= TASK BRIEF =
Locate, in the data below, the line that contains "杨紫穿蕾丝白裙清新淡雅 戴珍珠发卡气质优雅" and the line that contains "info for 2f57b"; reproduce exactly those two lines and every line between them, nothing more.
[RECORDS PROVIDED Boundary: Start]
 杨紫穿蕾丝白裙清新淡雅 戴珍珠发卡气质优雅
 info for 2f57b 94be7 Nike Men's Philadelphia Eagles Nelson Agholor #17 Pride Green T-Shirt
[RECORDS PROVIDED Boundary: End]
[RECORDS PROVIDED Boundary: Start]
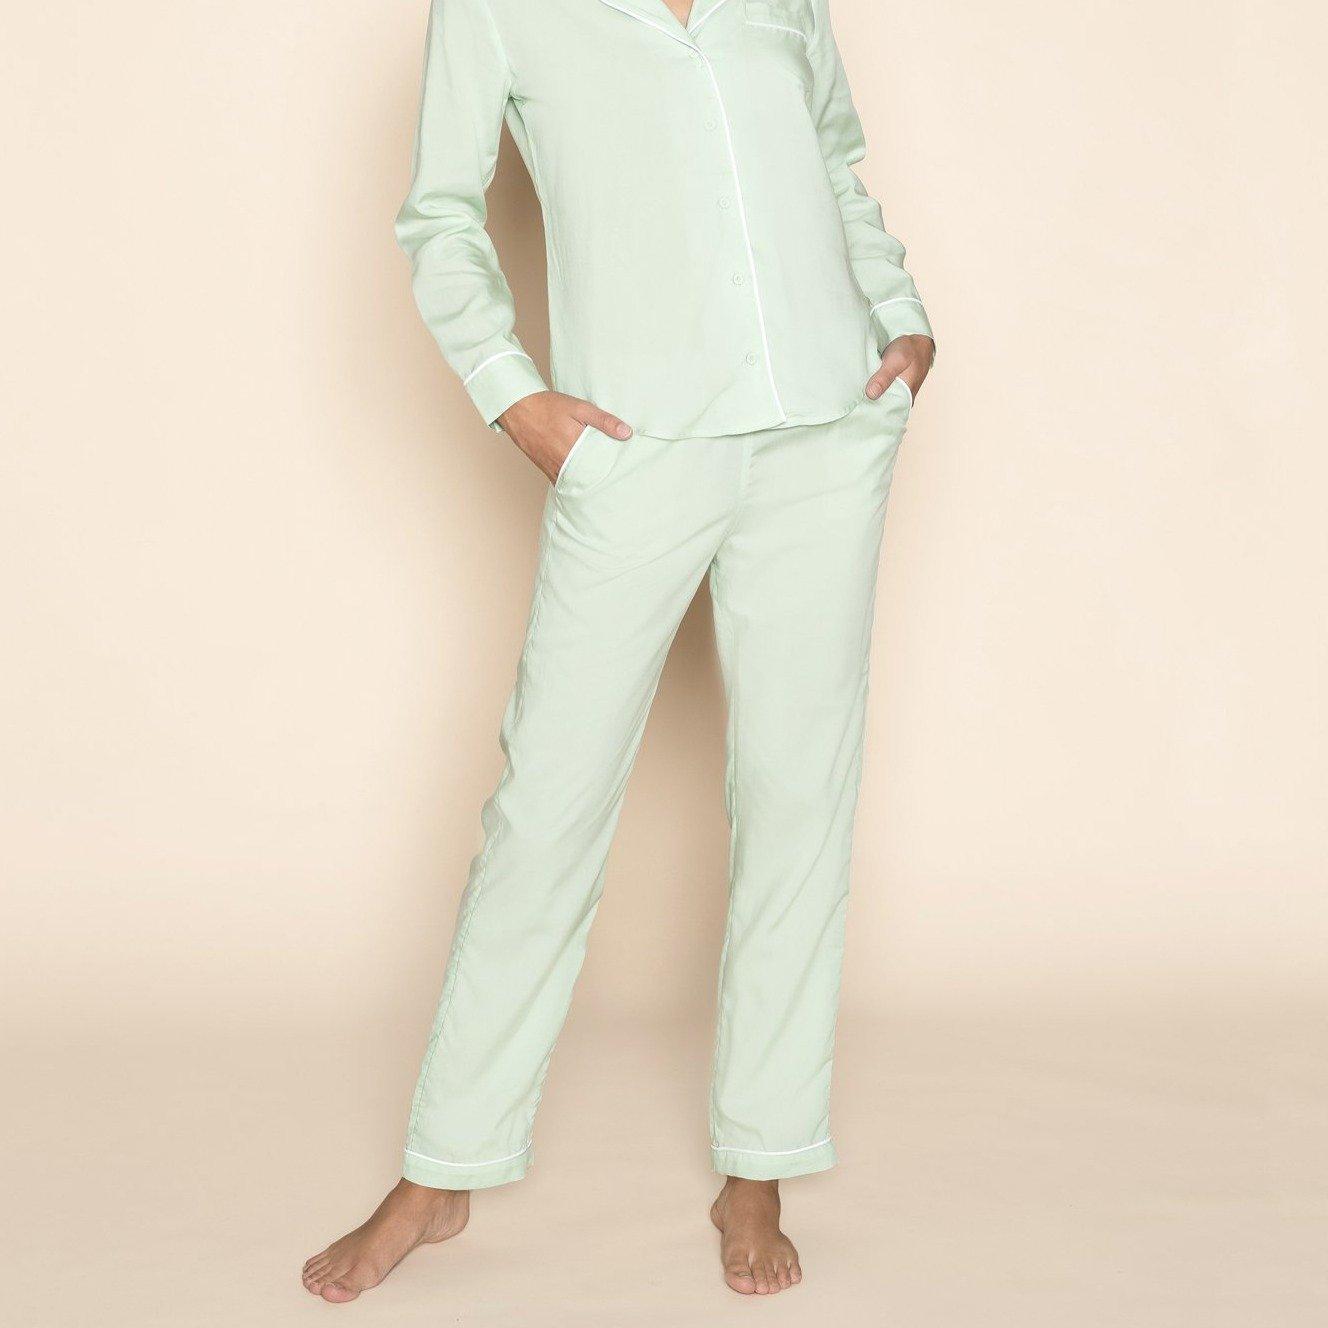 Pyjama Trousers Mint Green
[RECORDS PROVIDED Boundary: End]
= ANSWER FOR THE TASK =
 杨紫穿蕾丝白裙清新淡雅 戴珍珠发卡气质优雅
 info for 2f57b 94be7 Nike Men's Philadelphia Eagles Nelson Agholor #17 Pride Green T-Shirt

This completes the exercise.